A: In all authorized states, medical aid in dying requires that the dying individual be mentally capable, volitional, and self-administer the medication that has been prescribed by the Attending Physician.

The medication is ingested, which simply means it is introduced into the gastrointestinal tract. In most instances, this means swallowing, but some individuals have a feeding tube (j-peg, etc.) and the medication can be introduced into the body through it. Preparation of the medication (opening capsules, mixing solutions, filling a reservoir or feeding tube) can be done by a family member, loved one, or nurse; however, volitional ingestion means that it is the dying person who must instigate the action (push a plunger, open a valve or clip, etc.) of ingestion.

Some individuals (e.g. those with ALS) do not have use of their arms so volitional ingestion for them might mean sucking on a straw that is in the liquid medication. In this instance, an assistant may hold the medication. Active vomiting is a contraindication to oral ingestion.

Q: Isn’t medical aid in dying a slippery slope to euthanasia as it is practiced in Belgium and the Netherlands?
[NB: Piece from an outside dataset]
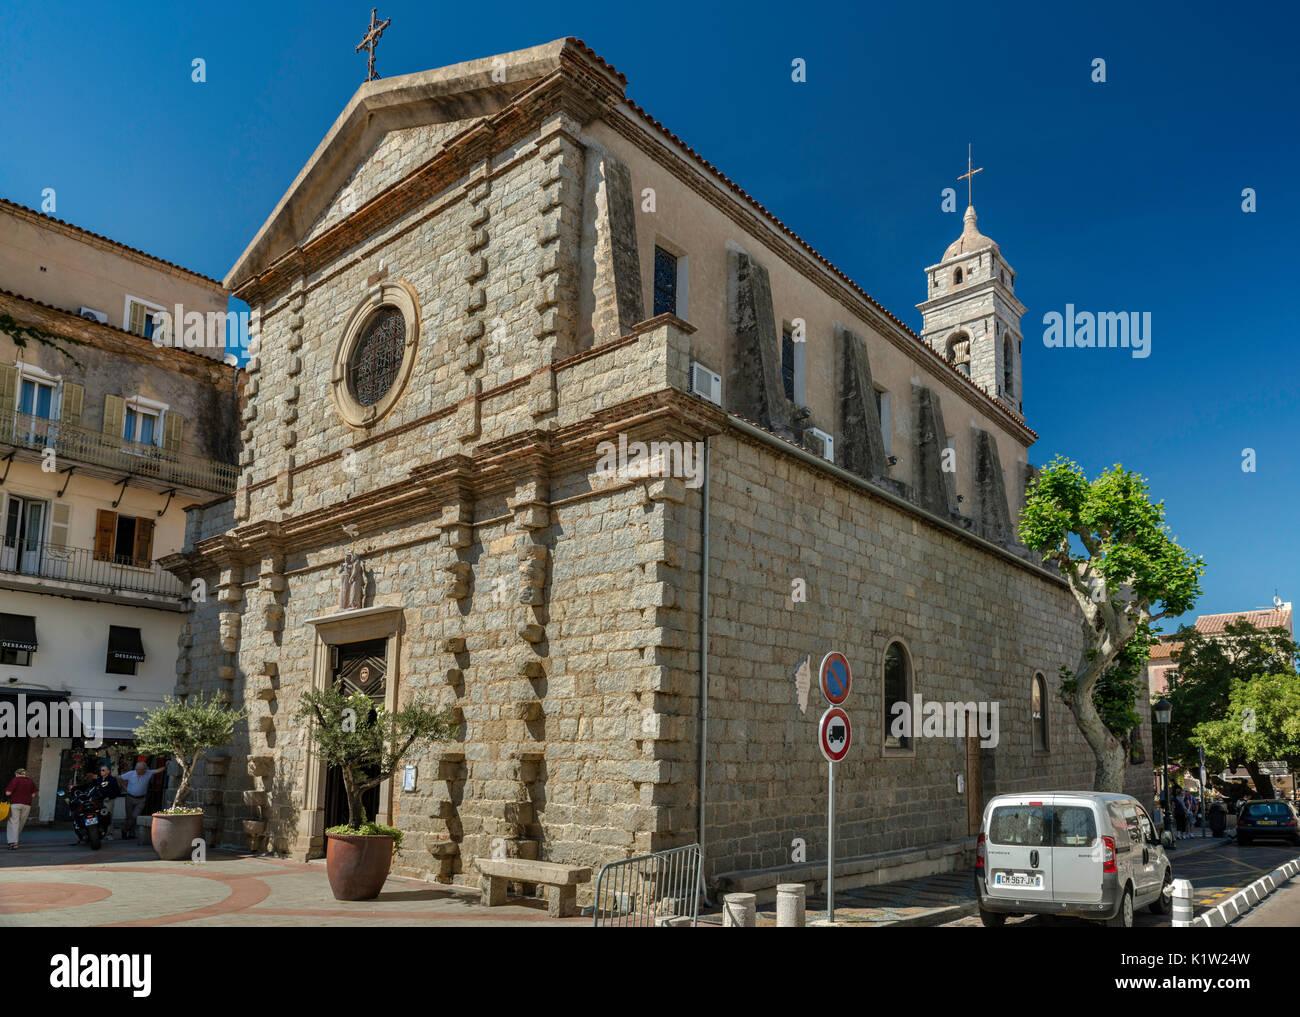 St-Jean-Baptiste Church, del siglo XVI, en la Place de la Republique, en Porto-Vecchio, Córcega, Francia Imagen De Stock
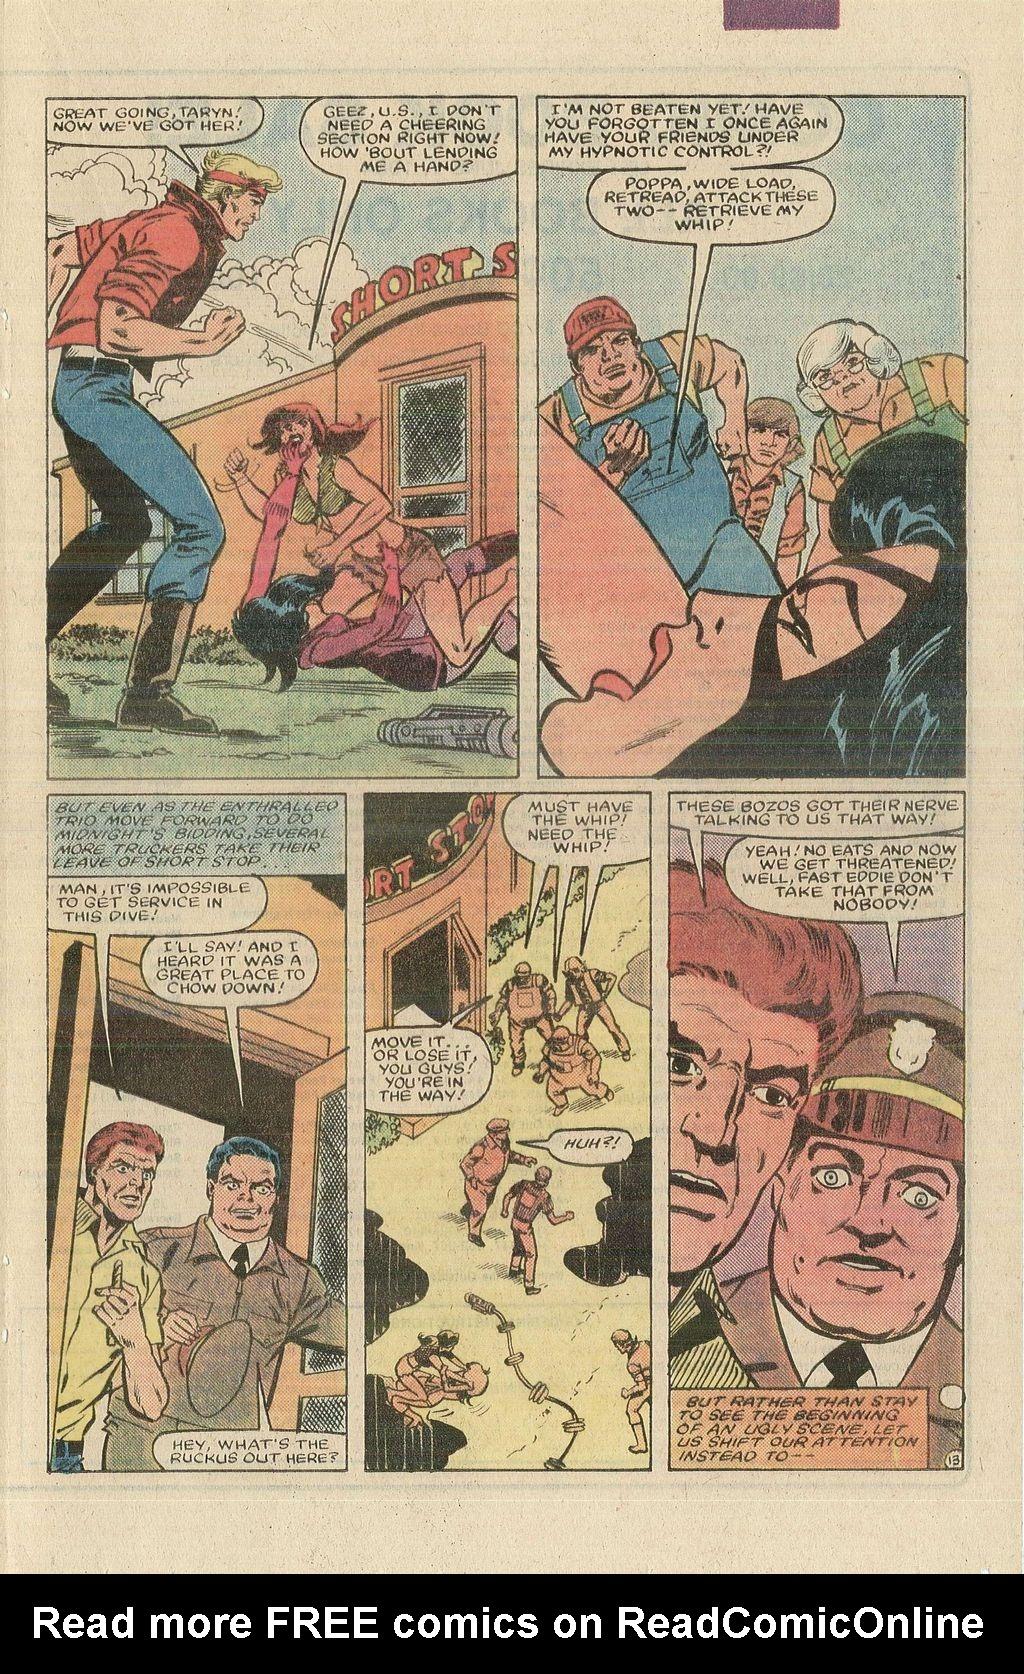 Read online U.S. 1 comic -  Issue #9 - 17

A: The concept of a slippery slope implies that, over time, the statutory guidelines for medical aid in dying will be either liberalized by elected officials or disregarded with impunity by practitioners. Both assumptions are incorrect. Since Oregon’s law took effect in 1997, there has been no attempt to broaden the scope of the law and no physician has been disciplined for practicing outside the scope of the law. Almost two decades of rigorously observed and documented experience in Oregon demonstrates that the law has worked as intended with no evidence of abuse.

Slippery slope claims with regard to European countries are also misapplied. “Euthanasia” laws in Belgium and the Netherlands, for example, are less restrictive than American laws, but did not “slide” to their current form. Rather, the individual laws were developed with guidelines that differ from Oregon’s Death with Dignity Act (e.g. no self-administration requirement) in place from the law’s conception. While anecdotal stories of abuse of “euthanasia” laws abound, research indicates that cancer accounts for more than 70% of all cases of “euthanasia” in both Belgium and the Netherlands.